The main RESSTOCK Web pages provide only limited detail on database applications. The RESSTOCK Q&A page provides a quick source of descriptive information.
Relying on "prototype and typical" is similar to analyzing a "typical" family which consists of two adults and 0.6 children - it may reflect an average but it may also provide misleading results when used to understand customers and markets, to develop programs to fit the needs of individual customer segments, to evaluate the profitability of serving these customers or to evaluate markets for new technologies.
Sources of load profile data that rely on fixed customer segments typically develop hourly load data with engineering models (e.g., DOE2, OpenEI, NREL) of a single "prototype" building. The aggregate nature of these representations misses the variation that exists among individual buildings and households within these segments, hiding important market information. For instance, a particular electric rate structure may provide a competitive profit based on an entire segment's single prototype load profile; however, analysis of subsets of the segment (which can be performed with MAISY but not with the "prototype or typical" load profile approach) may reveal significant diversity in profit levels across customer sub-segments such that some customers are provided power at a loss while profit margins on other customers result in cream-skimming targets for other suppliers.
Similarly, evaluating markets for new technologies or potentials for energy efficiency initiatives requires consideration of the full range of customers within a market or utility service area. The average load profile may reflect little potential hiding the fact that a significant portion of the market with different load characteristics provides great potential.
For more information on this topic see Avoiding "Prototype" and Average Load Data Aggregation Errors .
Do MAISY Databases Provide EV charging loads?
MAISY EV Hourly Charging Loads Databases are the first resource to provide a comprehensive small-geographic data (ZIP-level) on both current and future potential EV charging loads.
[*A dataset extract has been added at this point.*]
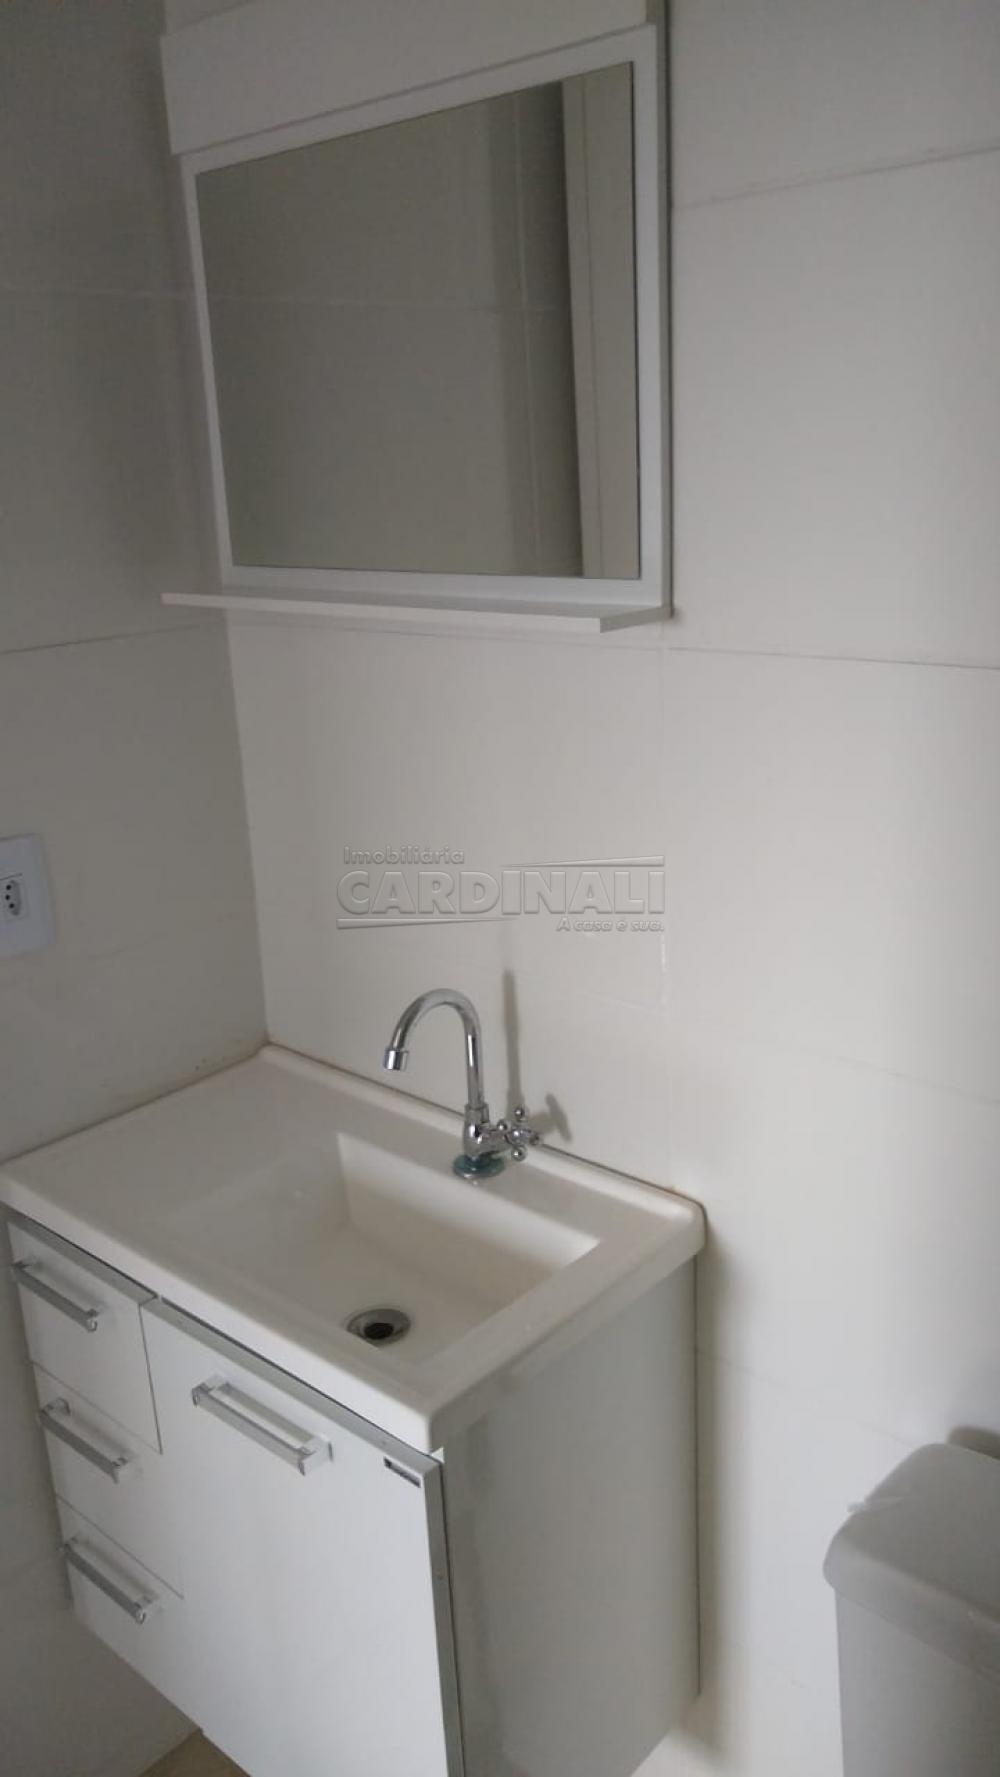 Alugar Apartamento / Padrão em São Carlos R$ 1.000,00 - Foto 6

Databases encompass the entire US with forecasts of future potential EV ownership and charging loads.The EV Hourly Charging Loads Databases are developed using AI applications to estimate EV ownership probabilities and to integrate MAISY Database household work commuting travel and charging loads from travel survey data from 300,000 households (including details on 1 million trips), and state/ZIP auto/truck registrations detail for individual PHEV and EV vehicles.
EV charging loads can also be included as an option in the standard MAISY Residential Energy Use and Hourly Load Databases>. This additional data items provides standard whole house hourly/15-minute loads for each household record along with whole house plus EV charging loads for the same record providing a comprehensive characterization of each household's contribution to system peak demand without and with the addition of EV chargers.
The new Smart Grid Research Consortium's Grid Impact Model (GIM) also incorporates EV ownership probabilities, whole building, and charging loads in 2030 and 2035 forecasts. The GIM also forecasts electrification, weather extremes and demand managment probram impacts for individual ZIP and neighborhood areas.
The GIM model is provided to individual electric utilities populated with actual utility-specific household data for immediate in-house applications in easy-to-apply Excel workbooks. GIM model development is supported by all consortium members avoiding the cost of expensive one-off consultant engagements.